* DATA SHOWN *

<<<<

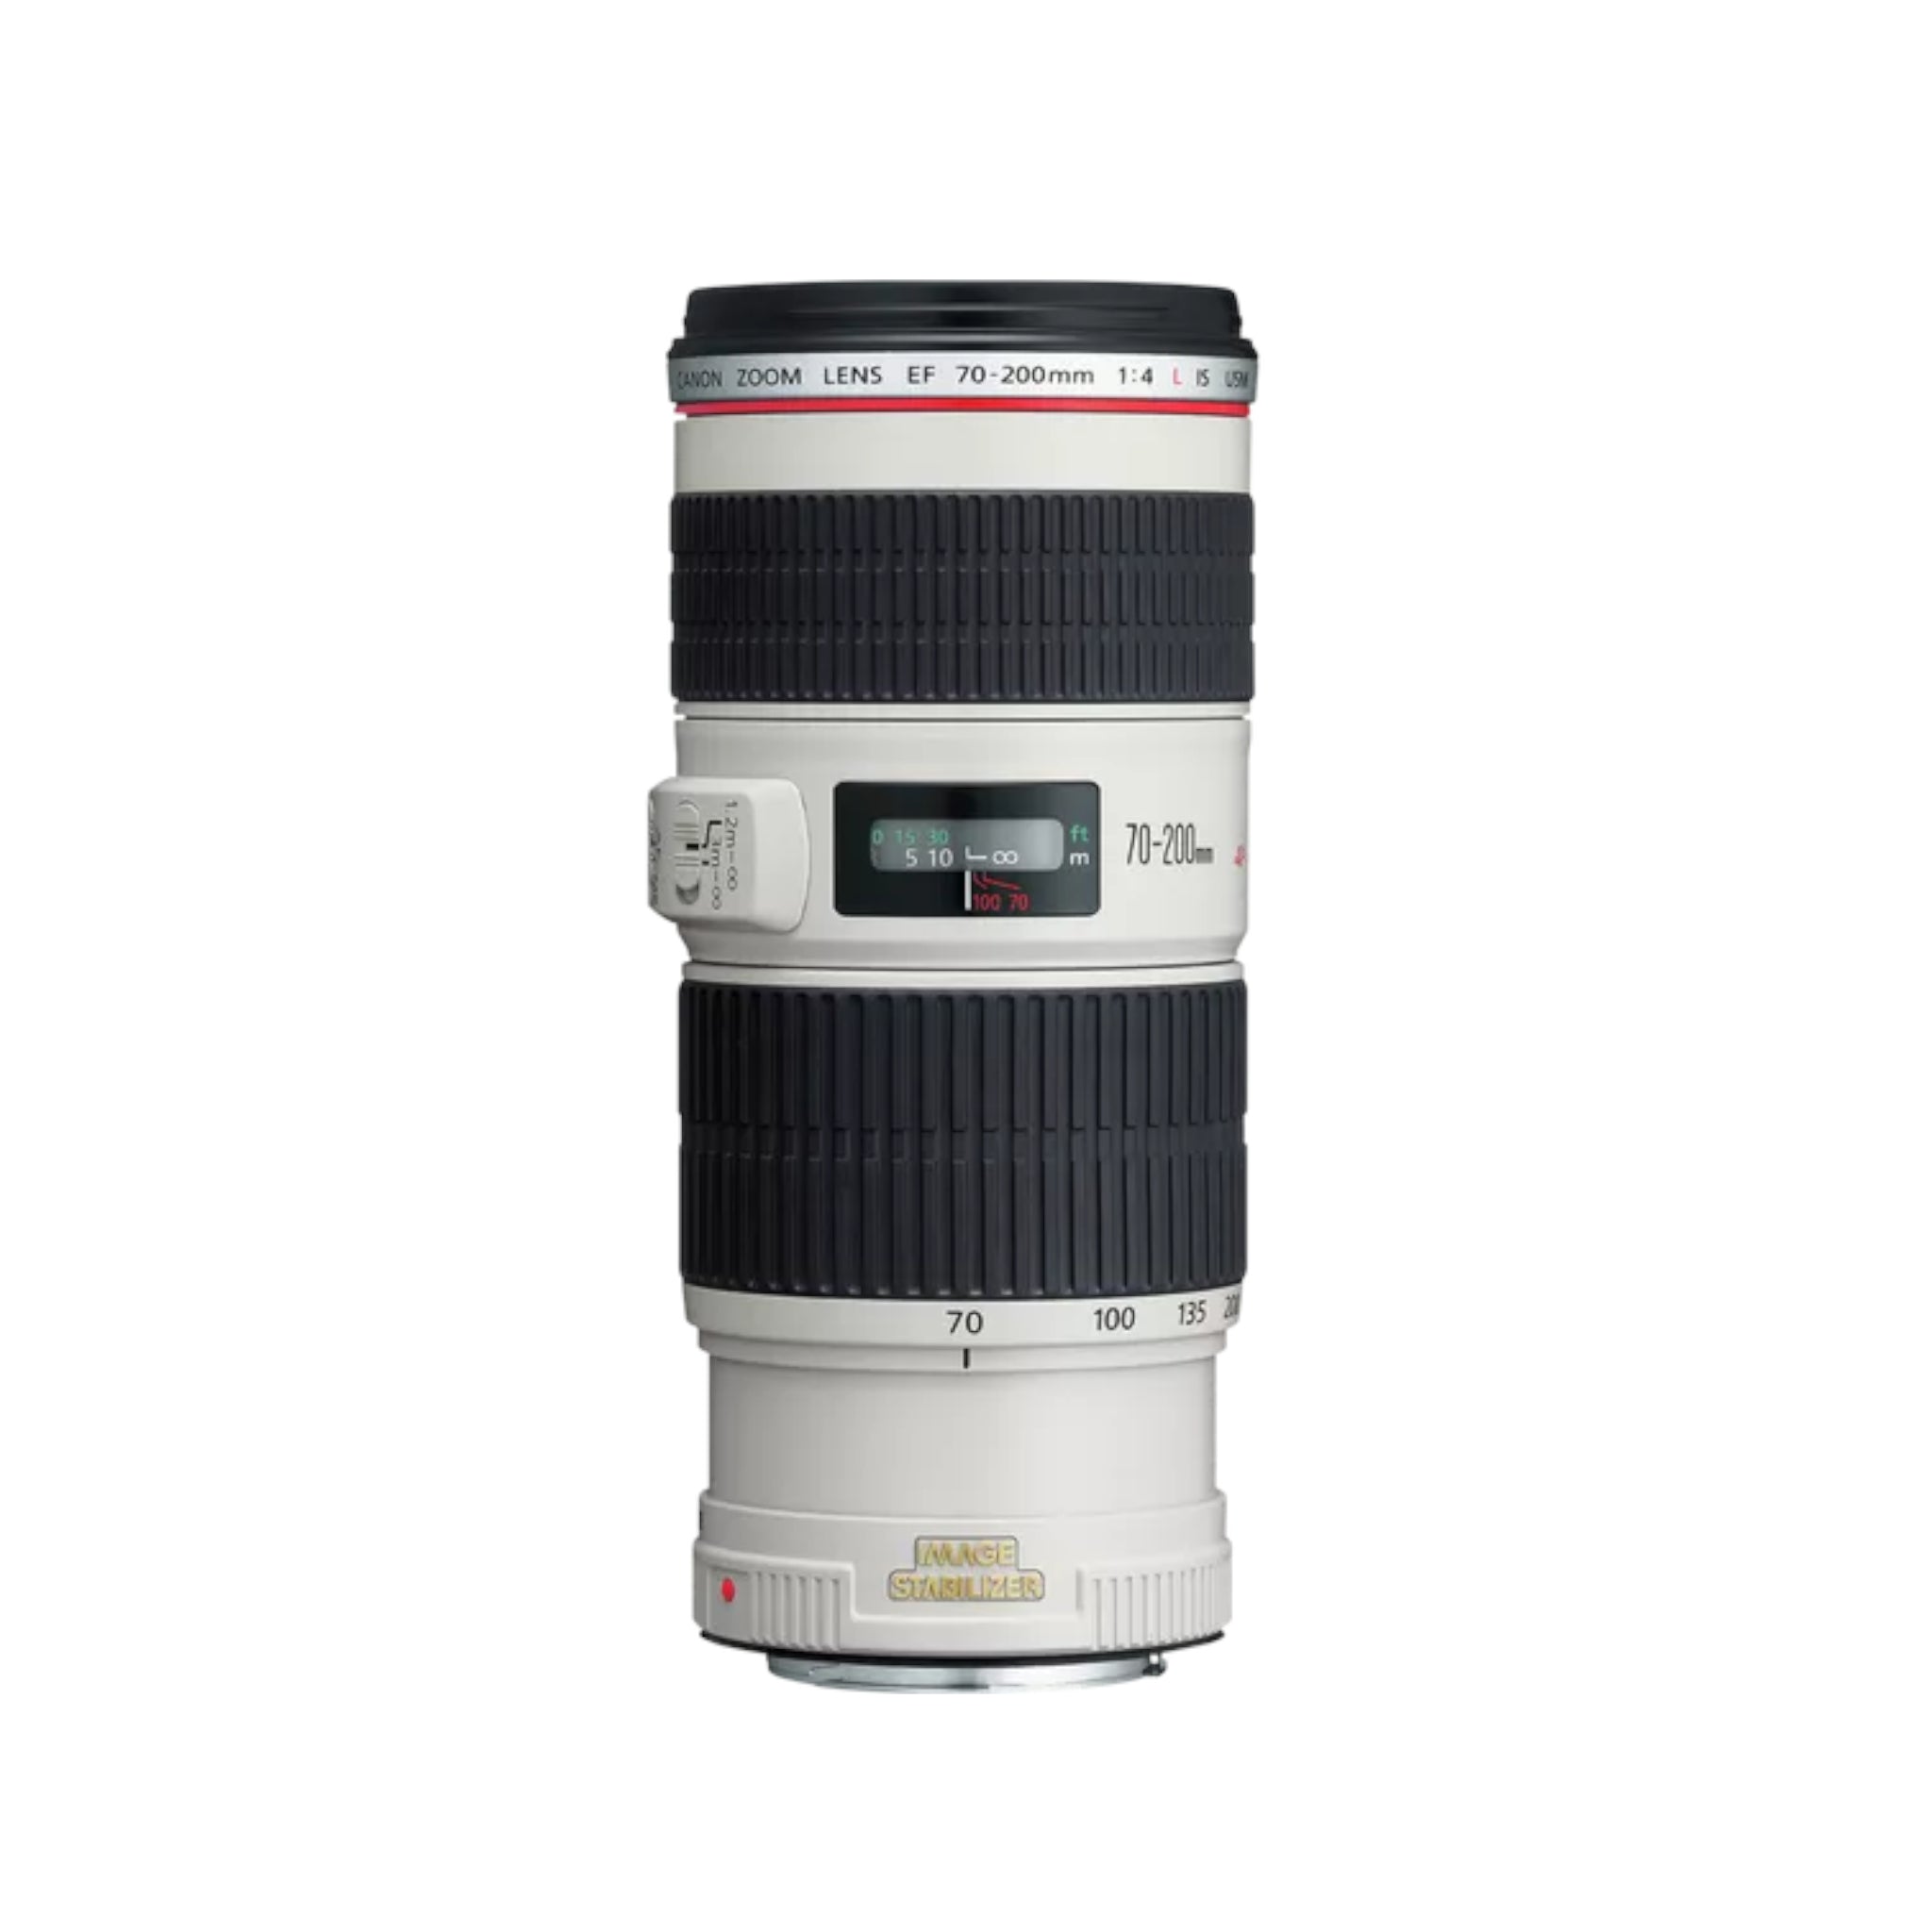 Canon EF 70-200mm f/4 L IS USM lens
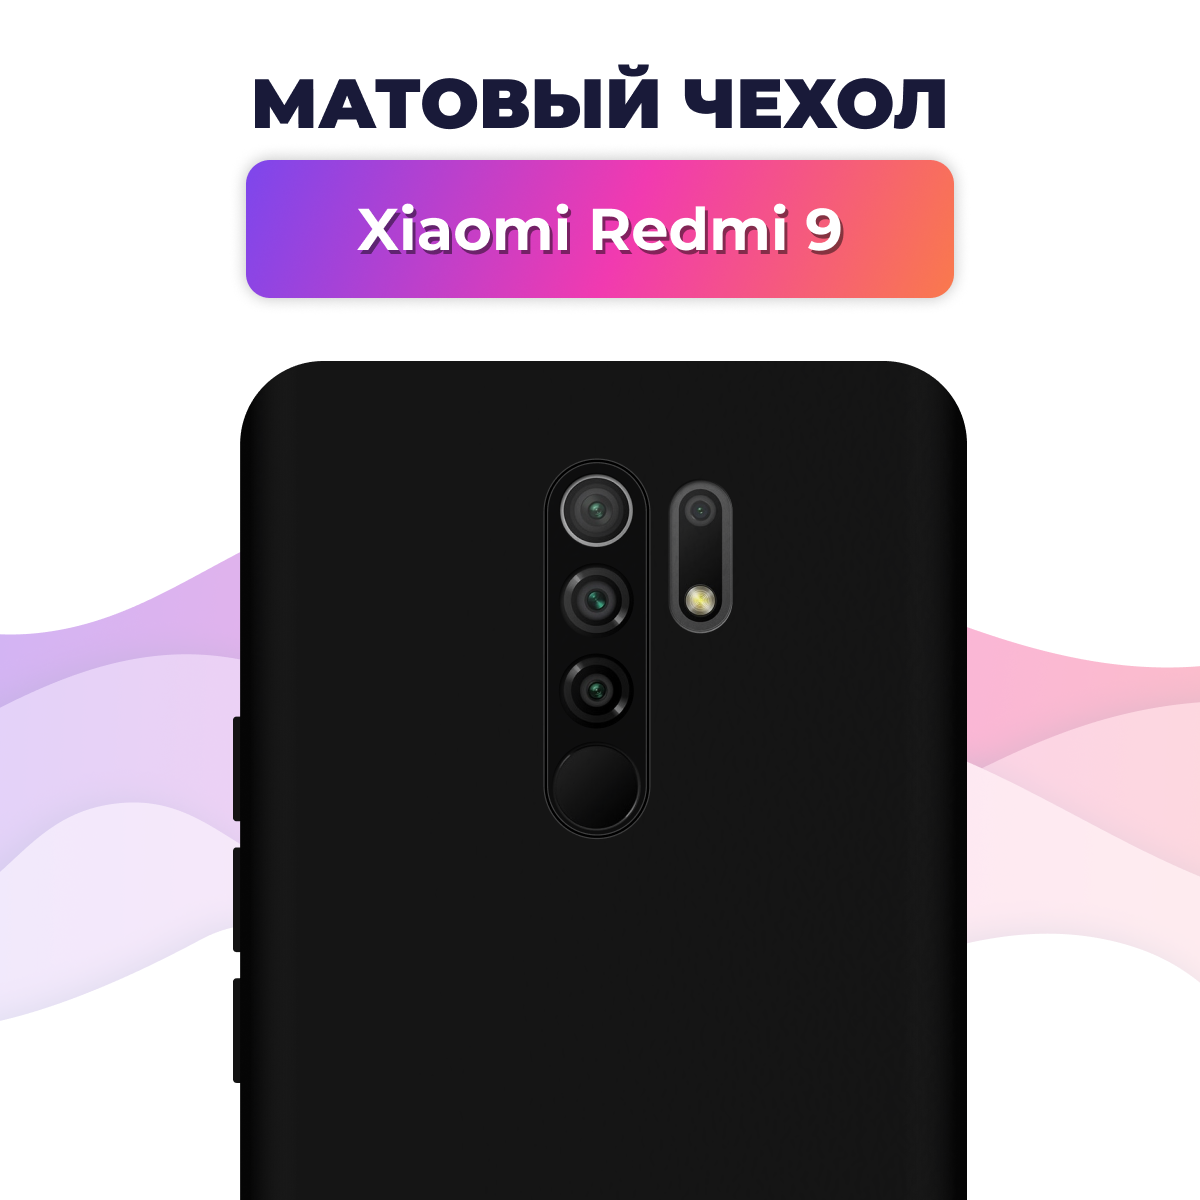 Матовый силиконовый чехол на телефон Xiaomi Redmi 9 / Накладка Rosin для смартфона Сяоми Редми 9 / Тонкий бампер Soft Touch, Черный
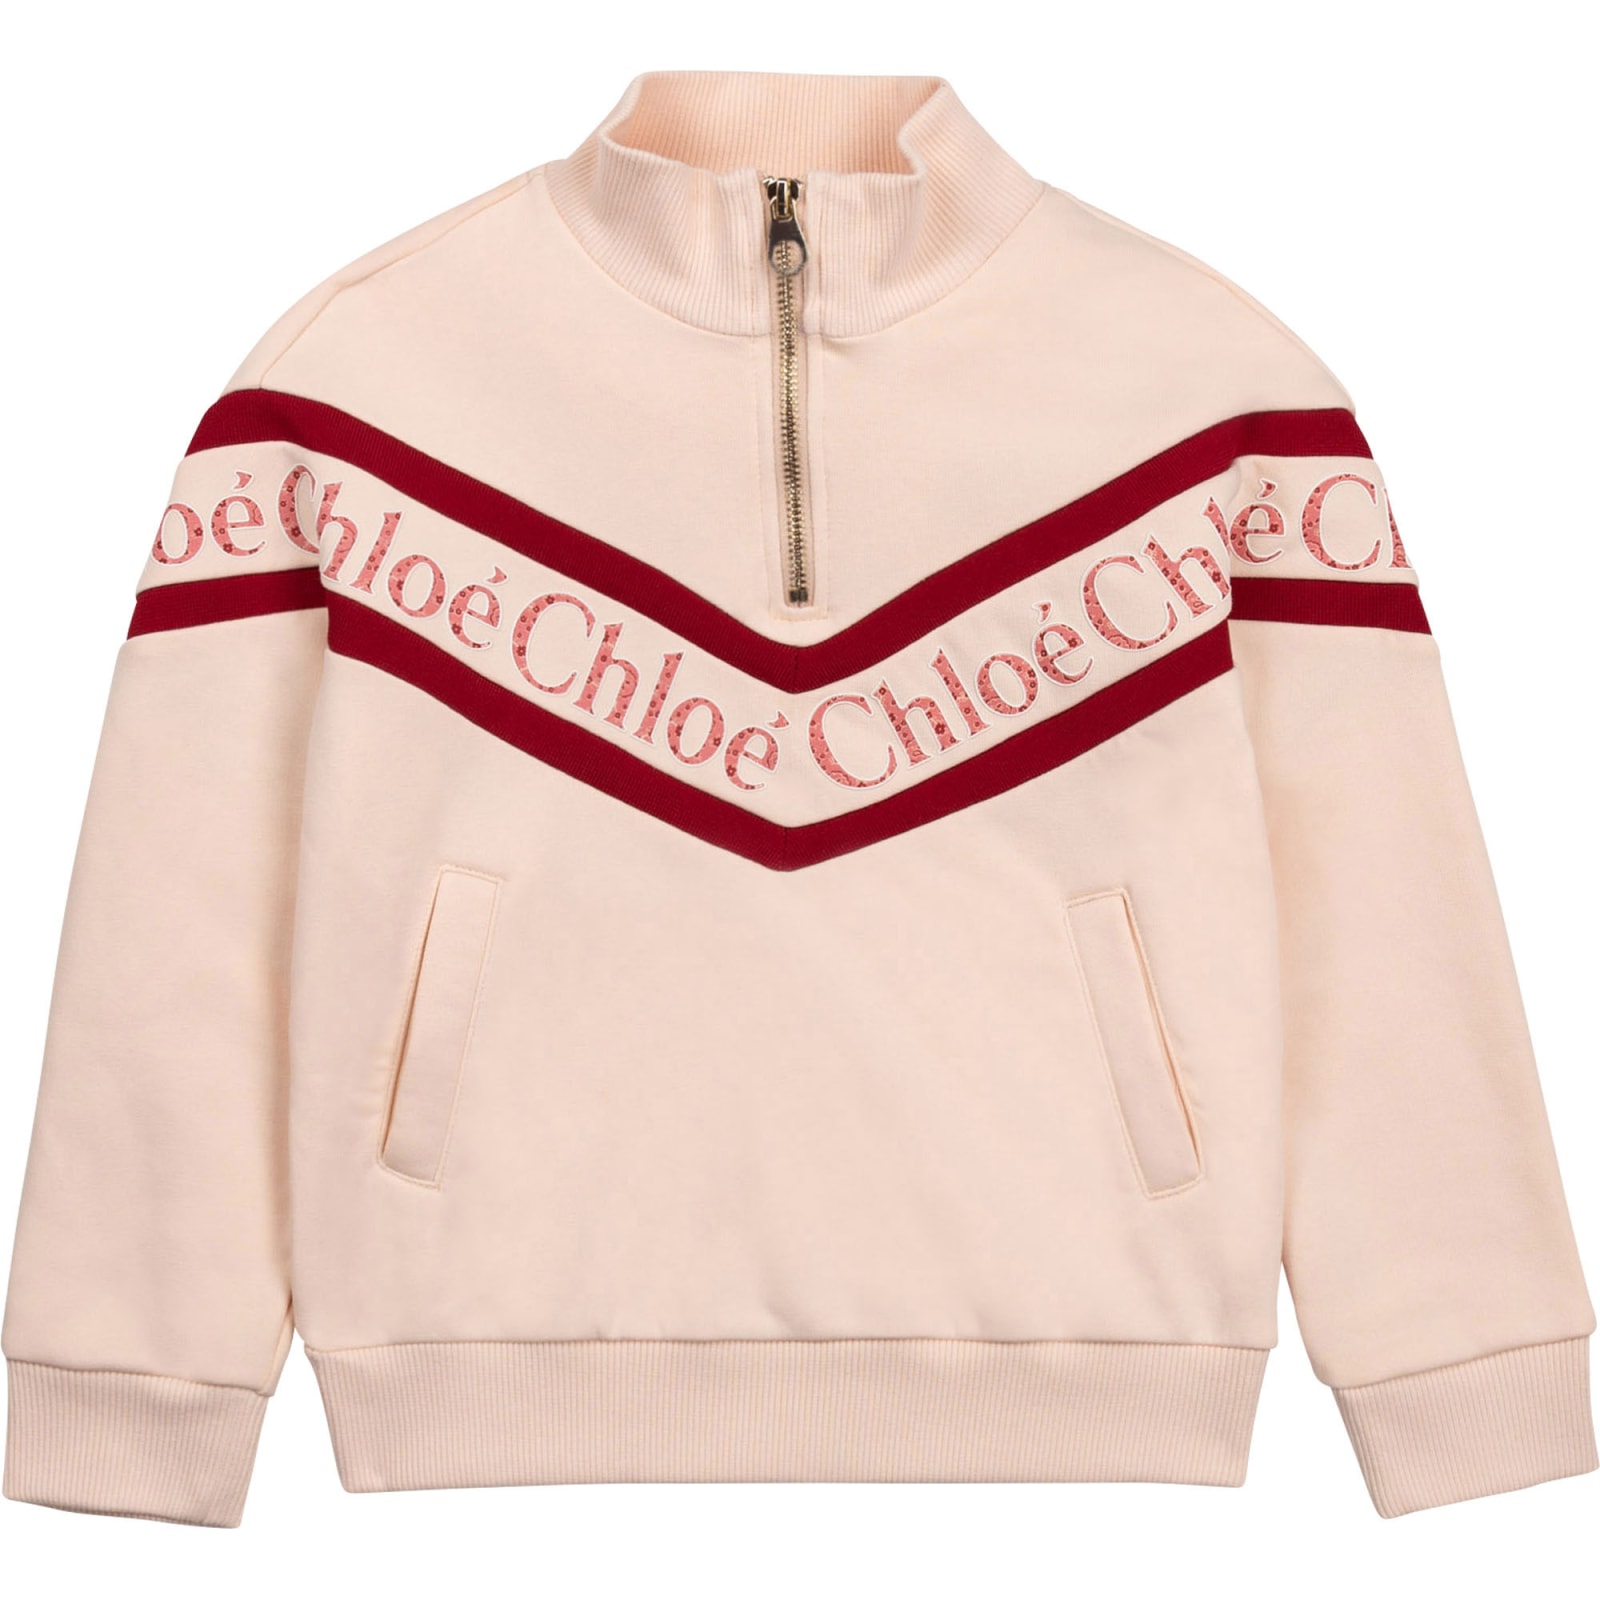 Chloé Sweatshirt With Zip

>>>>

* INSTRUCTIONS FOR THE TASK *
From the line containing "Матовый силиконовый чехол" down to the end of the listing above, every line is to be returned exactly, though the pictures are not.

* ANSWER BELOW *
 Матовый силиконовый чехол на телефон Xiaomi Redmi 9 / Накладка Rosin для смартфона Сяоми Редми 9 / Тонкий бампер Soft Touch, Черный
 Chloé Sweatshirt With Zip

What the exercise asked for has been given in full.